Già 5 anni fa fummo i soli, come APL, a presentare 2 liste con rappresentanza paritaria dei generi, andando anche oltre quella che poi è diventata norma di legge. Le prossime amministrative, infatti, vedranno obbligatoriamente la presenza di entrambi i generi, ciascuno in numero non inferiore ad un terzo del totale, e sarà possibile esprimere, nell'ambito della stessa lista, una doppia preferenza purché di genere diverso.
Ci auguriamo che questa possibilità possa portare a una rappresentanza dei generi in Consiglio comunale meno mortificante di quella attuale che vede una sola donna su 32 consiglieri, caso peggiore tra i capoluoghi di Provincia italiani.
Questo accadrà solo se nella composizione delle liste, le donne non verranno inserite come "bandierine" per rispettare le "quote rosa". Sappiamo, perché accade anche nel nostro gruppo, quante siano le donne impegnate nelle associazioni sociali e culturali, e con quanta efficacia e abnegazione siano attive nel volontariato e nelle lotte. Forse non è un caso che le nostre candidature più votate nella passata tornata elettorale siano candidature femminili.
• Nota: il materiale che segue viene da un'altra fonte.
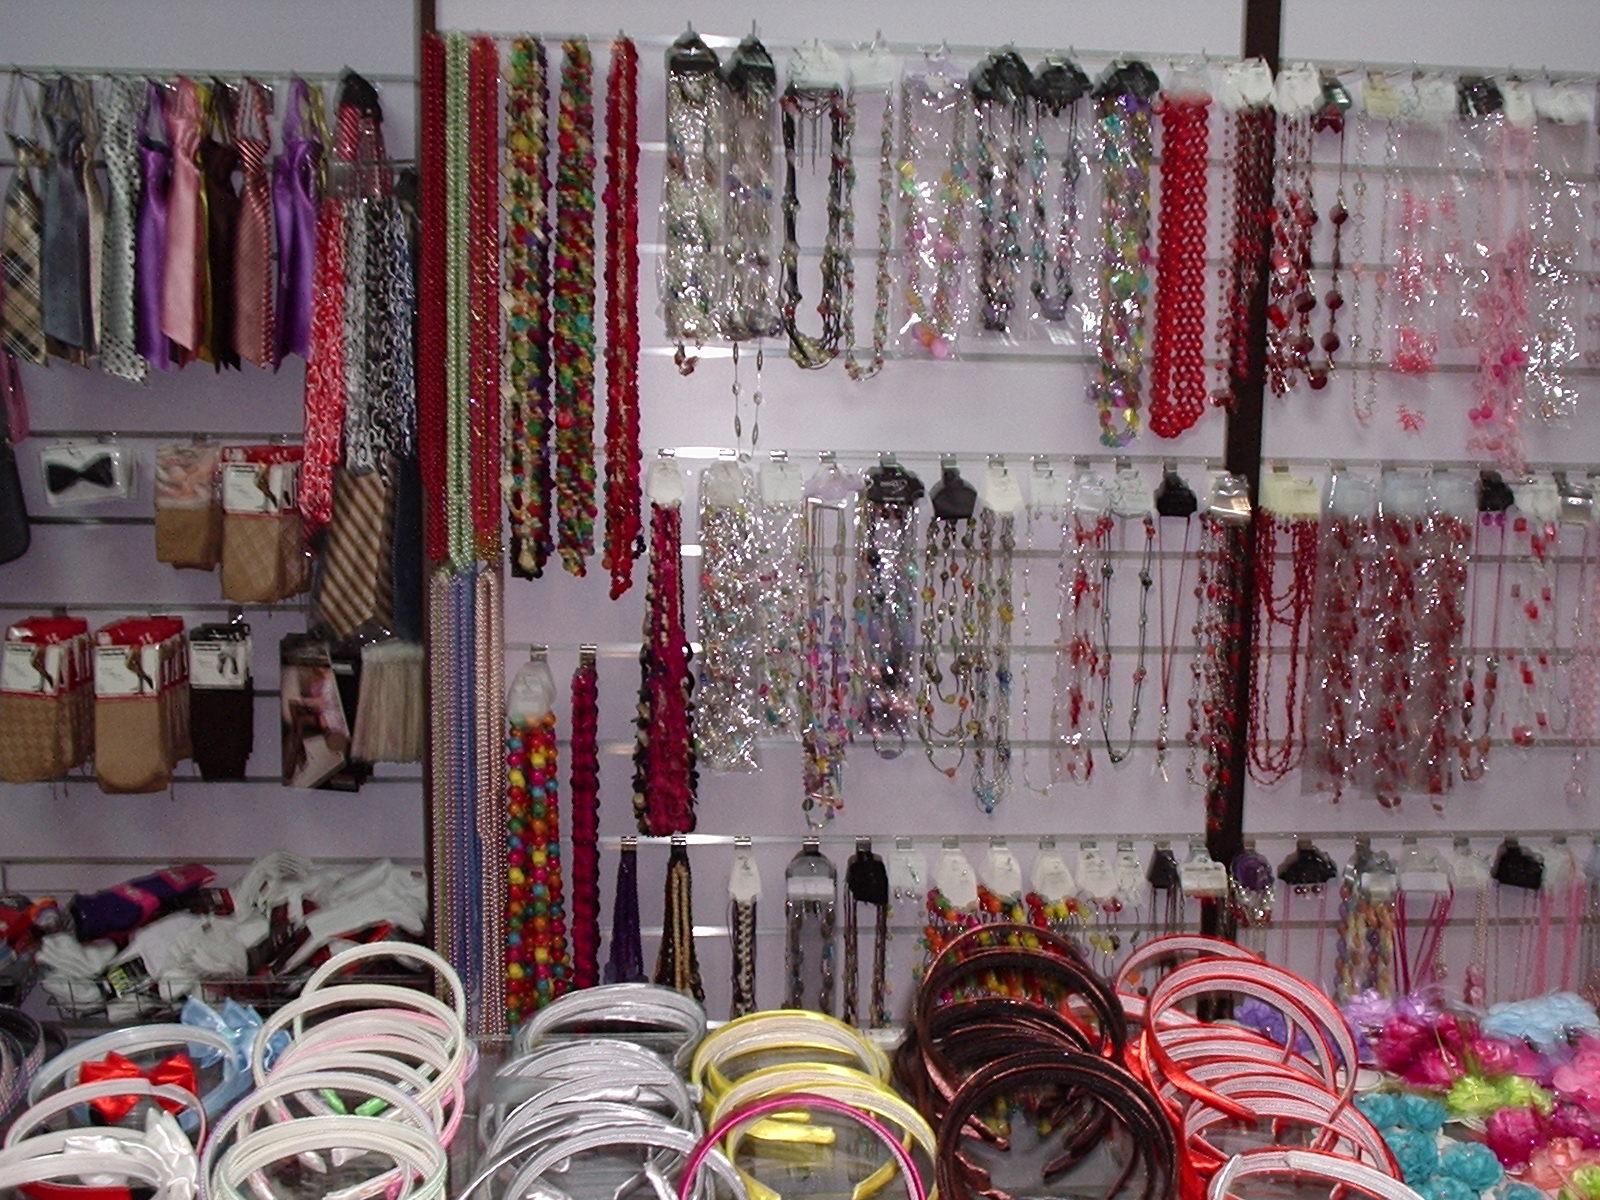 Tiendas mayoristas todo a 2 euros bisuteria moda y - Complementos de bisuteria ...
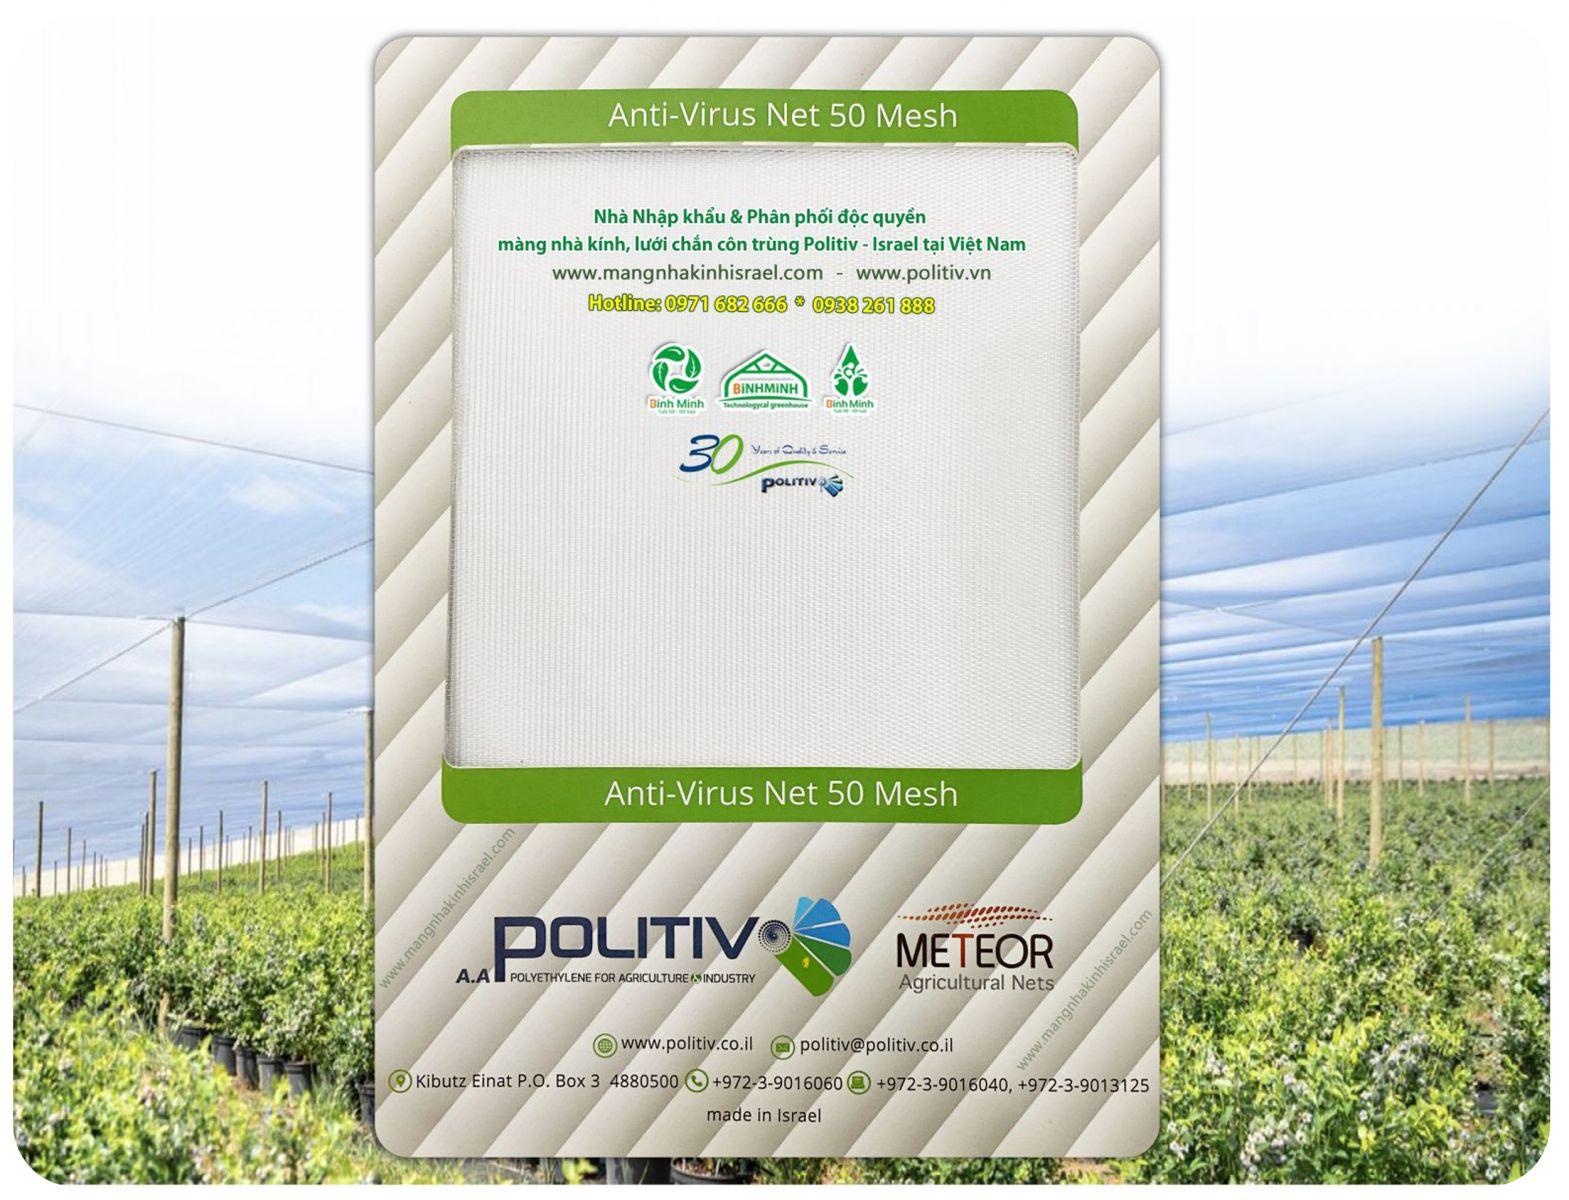 lưới chắn côn trùng politiv Israel, lưới chắn côn trùng,nhà lưới trồng rau, nhà lưới nông nghiệp, nhà kính nông nghiệp, lưới chống côn trùng

Per questo invitiamo le donne a candidarsi e autorappresentarsi superando l'apparente dicotomia tra impegno sociale e partecipazione alla vita politica, anche per restituire il senso più alto e più giusto alla parola "politica", perché chi si impegna in favore degli ultimi fa politica, chi lotta per un ambiente più sano fa politica, chi organizza iniziative volte all'inclusione e alla coesione sociale fa politica, e anche una donna che denuncia una violenza o un sopruso sul lavoro, soprattutto in questo Paese, fa politica. Così come chi educa al riconoscimento della differenza come valore aggiunto o dell'autodeterminazione di tutti gli uomini e le donne a come e dove vivere.
#LOTTOmarzo manifestiamo tutte e tutti contro la violenza in tutte le sue forme e per una società rispettosa delle differenze, equa ed inclusiva perché è insieme che si raggiungono, anche nelle lotte, i traguardi più ambiziosi.